July 14, 2011

An odd claim attributed to Mike Stonebraker

This post has a sequel.

Last week, Mike Stonebraker insulted MySQL and Facebook’s use of it, by implication advocating VoltDB instead. Kerfuffle ensued. To the extent Mike was saying that non-transparently sharded MySQL isn’t an ideal way to do things, he’s surely right. That still leaves a lot of options for massive short-request databases, however, including transparently sharded RDBMS, scale-out in-memory DBMS (whether or not VoltDB*), and various NoSQL options. If nothing else, Couchbase would seem superior to memcached/non-transparent MySQL if you were starting a project today.

*The big problem with VoltDB, last I checked, was its reliance on Java stored procedures to get work done.

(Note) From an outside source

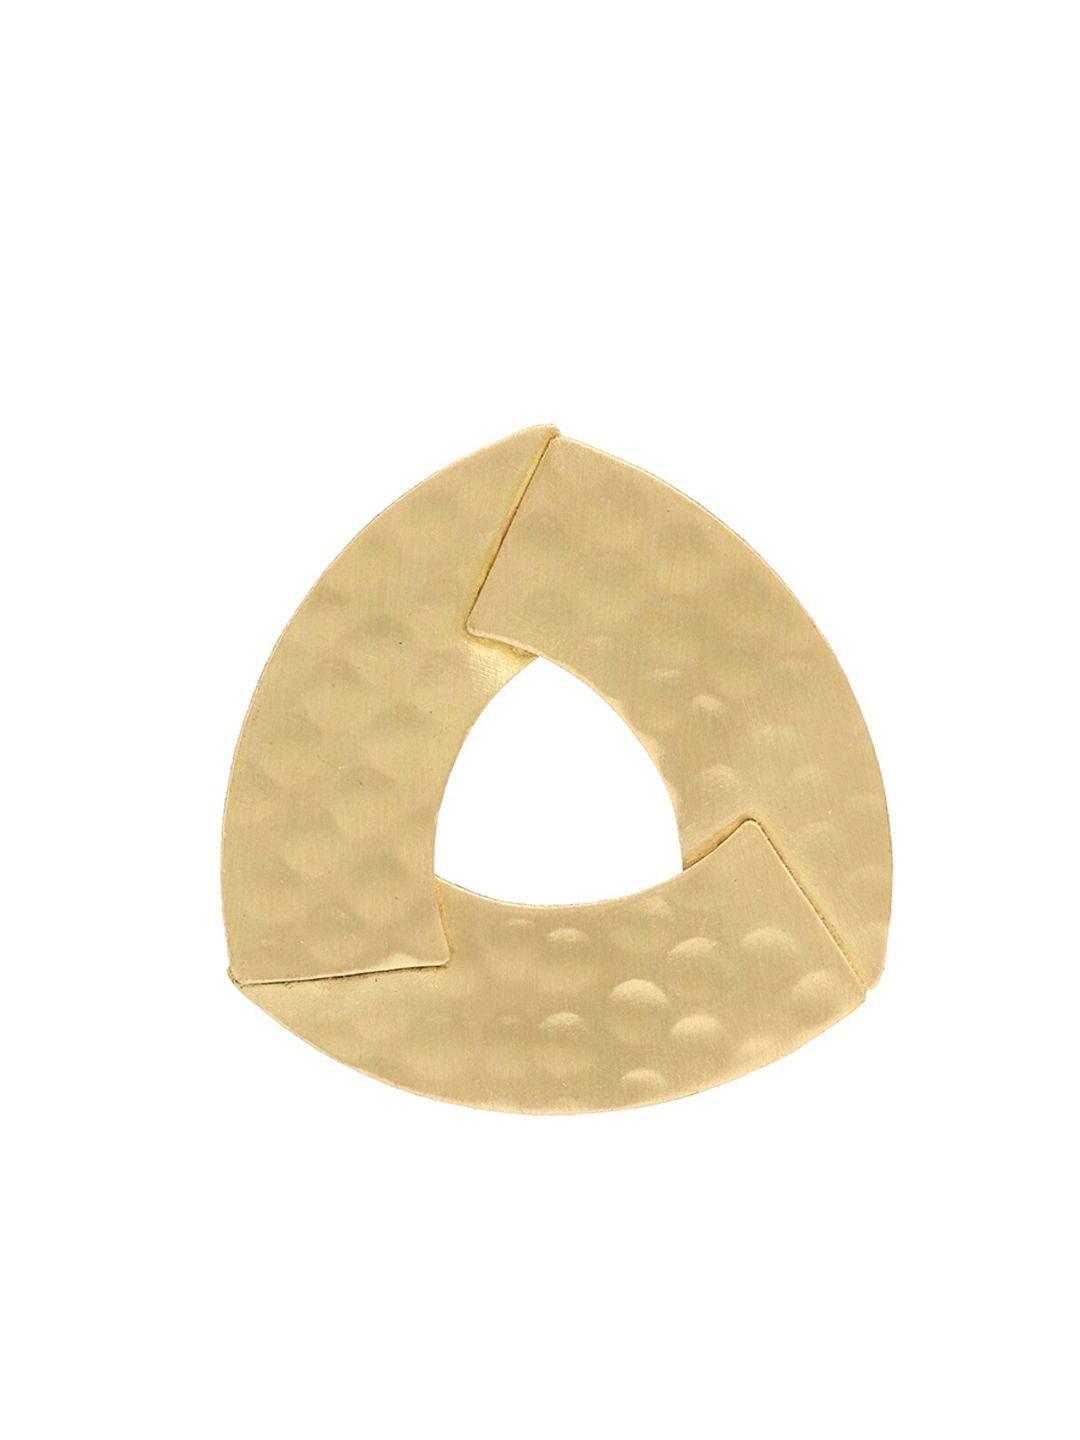 forever 21 gold-toned geometric studs earrings

Pleasantries continued in The Register, which got an amazing-sounding quote from Mike. If The Reg is to be believed — something I wouldn’t necessarily take for granted — Mike claimed that he (i.e. VoltDB) knows how to solve the distributed join performance problem. 

So, it’s Stonebraker against the web. And the difference of option is severe. In May, at a MongoDB developer conference in San Francisco, Mongo creator Dwight Merriman told his audience there was “no way” to do distributed joins in a way that really scales. “I’m not smart enough to do distributed joins that scale horizontally, widely, and are super fast. You have to choose something else. We have no choice but to not be relational,” he said

“You can do distributed transactions, but if you do them with no loss of generality and you do them across a thousand machines, it’s not going to be that fast.”

Stonebraker says precisely the opposite, and in typical fashion, he goes right for the jugular. “I reject what Merriman says out of hand,” he tells The Register. Merriman and his company, 10gen, declined to comment for this story. But Stonebaker says words don’t matter. As much as he likes to wield his opinions, he insists the debate will be decided elsewhere. “Let the bake-off begin,” he crows.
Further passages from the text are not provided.